THis biggest issue that has come to light here is the number of zones in a
device. Zones are typically 256MB in size, and so we are looking at 4,000
zones/TB. For a 10TB drive, that's 40,000 zones we have to keep track of. And if
the devices keep getting larger at the expected rate, we're going to have to
deal with zone counts in the hundreds of thousands. Hence a single flat
directory containing all these inodes is not going to scale, nor will we be able
to keep them all in memory at once.

As a result, we are going to need to group the zones for locality and efficiency
purposes, likely as "zone groups" of, say, up to 1TB in size. Luckily, by
keeping the zone information in inodes the information can be demand paged and
so we don't need to pin thousands of inodes and bitmaps in memory. Zone groups
also have other benefits...

While it seems like tracking free space is trivial for the purposes of
allocation (and it is!), the complexity comes when we start to delete or
overwrite data. Suddenly zones no longer contain contiguous ranges of valid
data; they have "freed" extents in the middle of them that contain stale data.
We can't use that "stale space" until the entire zone is made up of "stale"
extents. Hence we need a Cleaner.

=== Zone Cleaner

The purpose of the cleaner is to find zones that are mostly stale space and
consolidate the remaining referenced data into a new, contiguous zone, enabling
us to then "clean" the stale zone and make it available for writing new data
again.

The real complexity here is finding the owner of the data that needs to be move,
but we are in the process of solving that with the reverse mapping btree and
parent pointer functionality. This gives us the mechanism by which we can
quickly re-organise files that have extents in zones that need cleaning.

The key word here is "reorganise". We have a tool that already reorganises file
layout: xfs_fsr. The "Cleaner" is a finely targeted policy for xfs_fsr -
instead of trying to minimise fixpel fragments, it finds zones that need
cleaning by reading their summary info from the /.zones/ directory and analysing
the free bitmap state if there is a high enough percentage of stale blocks. From
there we can use the reverse mapping to find the inodes that own the extents
those zones.  And from there, we can run the existing defrag code to rewrite the
data in the file, thereby marking all the old blocks stale. This will make
almost stale zones entirely stale, and hence then be able to be reset.
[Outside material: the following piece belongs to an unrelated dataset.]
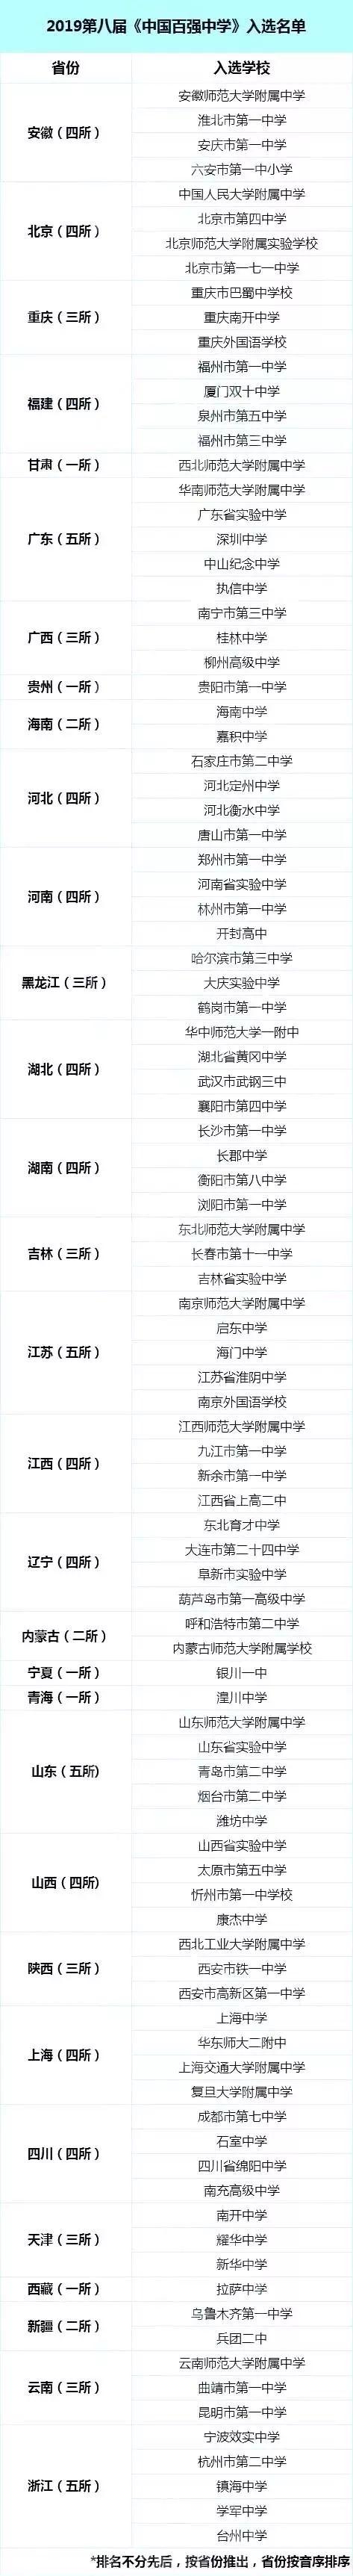 http://www.jiaokaotong.cn/zhongxiaoxue/279053.html

Hence we don't actually need any major new data moving functionality in the
kernel to enable this, except maybe an event channel for the kernel to tell
xfs_fsr it needs to do some cleaning work.

If we arrange zones into zoen groups, we also have a method for keeping new
allocations out of regions we are re-organising. That is, we need to be able to
mark zone groups as "read only" so the kernel will not attempt to allocate from
them while the cleaner is running and re-organising the data within the zones in
a zone group. This ZG also allows the cleaner to maintain some level of locality
to the data that it is re-arranging.

=== Reverse mapping btrees

One of the complexities is that the current reverse map btree is a per
allocation group construct. This means that, as per the current design and
implementation, it will not work with the inode based bitmap allocator. This,
however, is not actually a major problem thanks to the generic btree library
that XFS uses.

That is, the generic btree library in XFS is used to implement the block mapping
btree held in the data fork of the inode. Hence we can use the same btree
implementation as the per-AG rmap btree, but simply add a couple of functions,
set a couple of flags and host it in the inode data fork of a third per-zone
inode to track the zone's owner information.

== Mkfs

Mkfs is going to have to integrate with the userspace zbc libraries to query the
layout of zones from the underlying disk and then do some magic to lay out al
the necessary metadata correctly. I don't see there being any significant
challenge to doing this, but we will need a stable libzbc API to work with and
it will need ot be packaged by distros.

If mkfs cannot find ensough random write space for the amount of metadata we
need to track all the space in the sequential write zones and a decent amount of
internal fielsystem metadata (inodes, etc) then it will need to fail. Drive
vendors are going to need to provide sufficient space in these regions for us
to be able to make use of it, otherwise we'll simply not be able to do what we
need to do.

mkfs will need to initialise all the zone allocation inodes, reset all the zone
write pointers, create the /.zones directory, place the log in an appropriate
place and initialise the metadata device as well.

== Repair

Because we've limited the metadata to a section of the drive that can be
overwritten, we don't have to make significant changes to xfs_repair. It will
need to be taught about the multiple zone allocation bitmaps for it's space
reference checking, but otherwise all the infrastructure we need ifor using
bitmaps for verifying used space should already be there.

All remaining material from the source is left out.